Étant donné l’ampleur de la polémique et de ses conséquences potentielles pour la formation de nouvelles brigades à l’avenir, les autorités ukrainiennes ont ouvert une enquête.

« Le Bureau d’enquête de l’État examine actuellement les faits diffusés dans les médias dans le cadre d’une procédure pénale engagée en vertu de l’article 426-1 [abus d’autorité ou de pouvoirs officiels par un militaire] et de l’article 408 [désertion] du Code pénal de l’Ukraine. L’enquête est en cours. Pour le moment, il est trop tôt pour parler des résultats, a en effet confirmé Tatian Sapian, sa porte-parole, auprès de l’AFP.
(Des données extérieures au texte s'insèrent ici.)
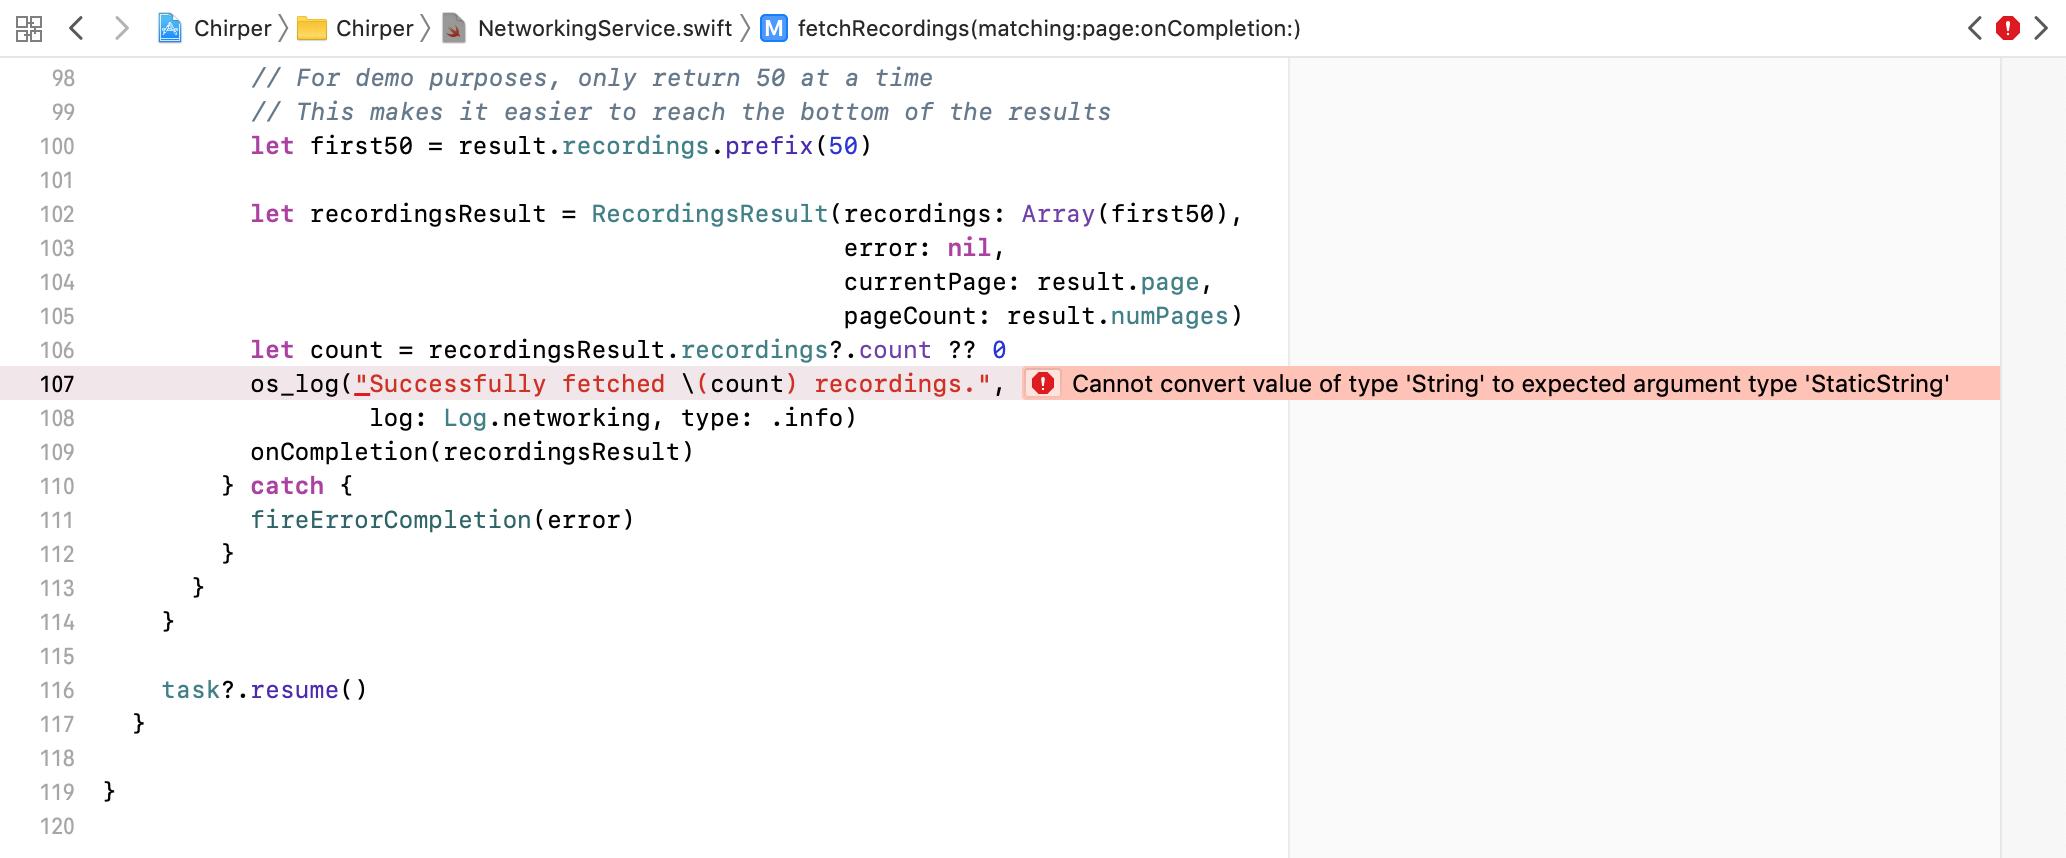 Error in Xcode

Selon Iouri Boutoussov, l’affaire est suivie de près par le président Zelensky, son ministre de la Défense, Roustem Oumierov, et le général Oleksandr Syrsky, le chef d’état-major des forces ukrainiennes.

Par ailleurs, la 155e brigade n’est pas la seule à connaître de sérieux problème. Le 17 décembre, sur la base d’informations publiées par Ukraïnska Pravda, le parquet général ukrainien a annoncé qu’il avait ouvert une enquête pénale pour « abus de pouvoir » présumés de la part de commandants de la 211e brigade du génie, ces derniers étant accusés d’avoir violenté des soldats qui consommaient de l’alcool durant leur service tout en leur extorquant de l’argent.